Closed
Bug 913683
Opened 12 years ago
Closed 12 years ago
Talos regressions in trobopan and tcheck2 on Android since Aug 22 2013
Categories
(Firefox for Android Graveyard :: General, defect)
Tracking
(firefox26 fixed, firefox27 fixed, fennec-)
RESOLVED
FIXED
Firefox 27
People
(Reporter: gbrown, Assigned: Margaret)
References
Details
(Keywords: perf, regression)
Attachments
(2 files)
|
3.39 KB,
patch
|
gbrown
:
review+
|
Details | Diff | Splinter Review |
|
1.89 KB,
patch
|
gbrown
:
review+
paul.feher
:
feedback+
|
Details | Diff | Splinter Review |
Since about Aug 22, trobopan and tcheck2 have been unstable on both Android 2.2 and Android 4.0, triggering lots of Talos alerts.
I think we are already working on sorting this out (via bug 908823 especially) but I wanted another bug on file to reflect that there have been various regressions and improvements reported since then (it seems pointless to report bugs for all of the individual alerts -- there's a new one almost every day.)
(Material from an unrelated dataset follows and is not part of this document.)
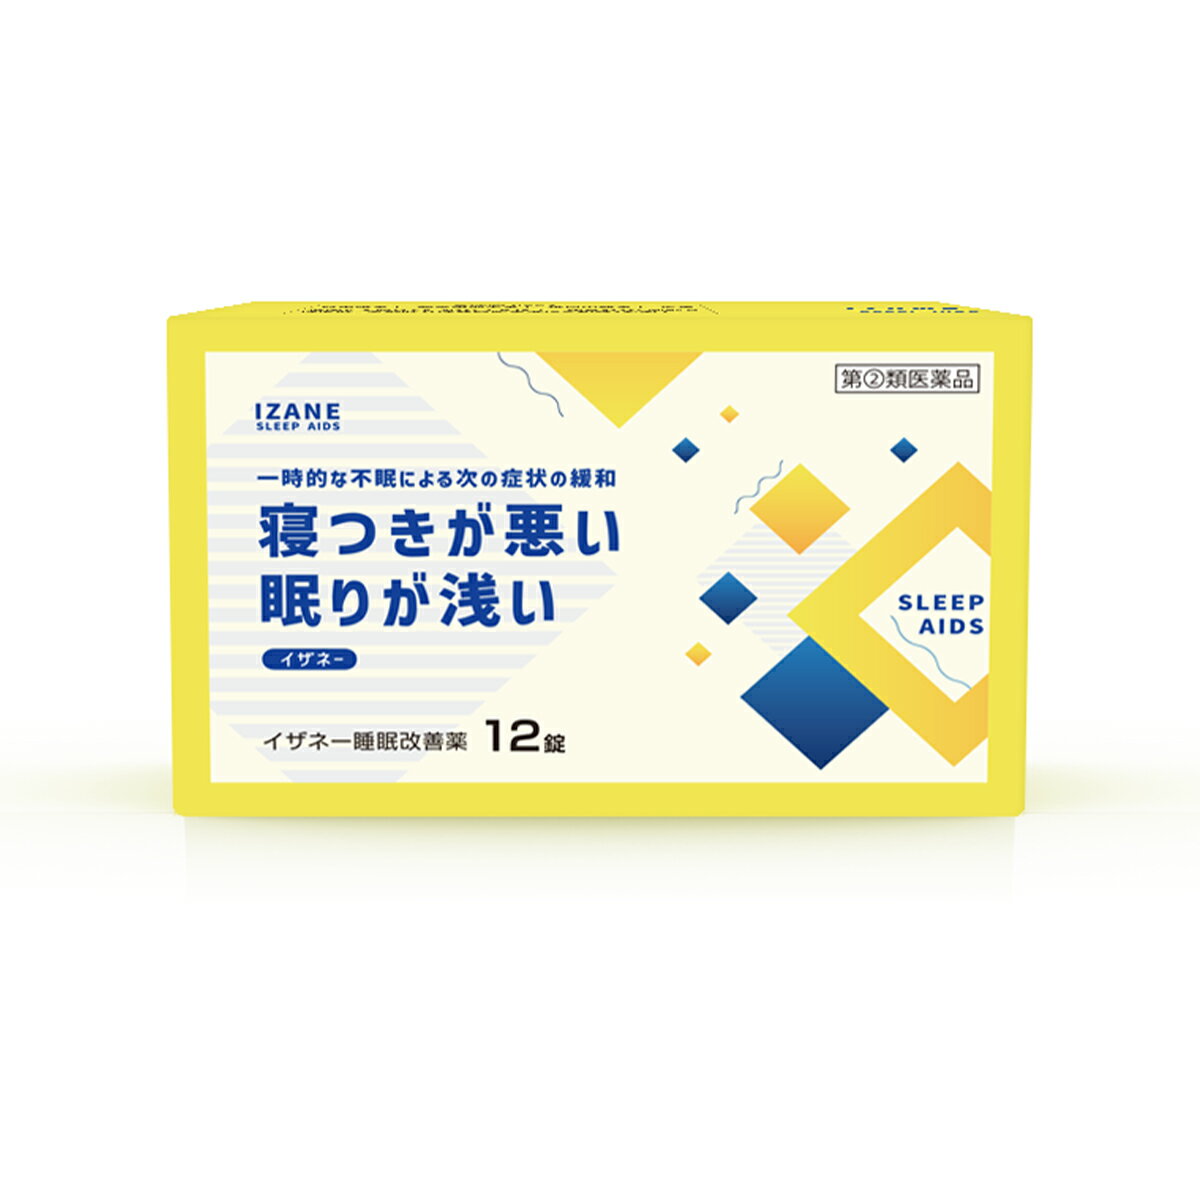 【第 2 類医薬品】 イザネー 睡眠改善薬 12錠

http://graphs.mozilla.org/graph.html#tests=[[201,11,20]]&sel=none&displayrange=30&datatype=running
http://graphs.mozilla.org/graph.html#tests=[[174,11,20]]&sel=none&displayrange=30&datatype=running
http://graphs.mozilla.org/graph.html#tests=[[201,11,29]]&sel=none&displayrange=30&datatype=running
http://graphs.mozilla.org/graph.html#tests=[[174,11,29]]&sel=none&displayrange=30&datatype=running
| Assignee | ||
Comment 1•12 years ago
|
||
Cc'ing kats, since we were talking about this on IRC this morning.
Comment 2•12 years ago
|
||
Yeah I started looking at this a little today. Note that it's only the Tegras that have been off since the fig landing, and I agree with Margaret that for some reason it was because we were running the test on the home screen rather than the test page. Her bandaid makes us wait a bit longer but I think we're still running the test on the home screen for the most part, based on the huge variance I'm seeing in the tegra talos numbers. It did however make the tests run to completion more often.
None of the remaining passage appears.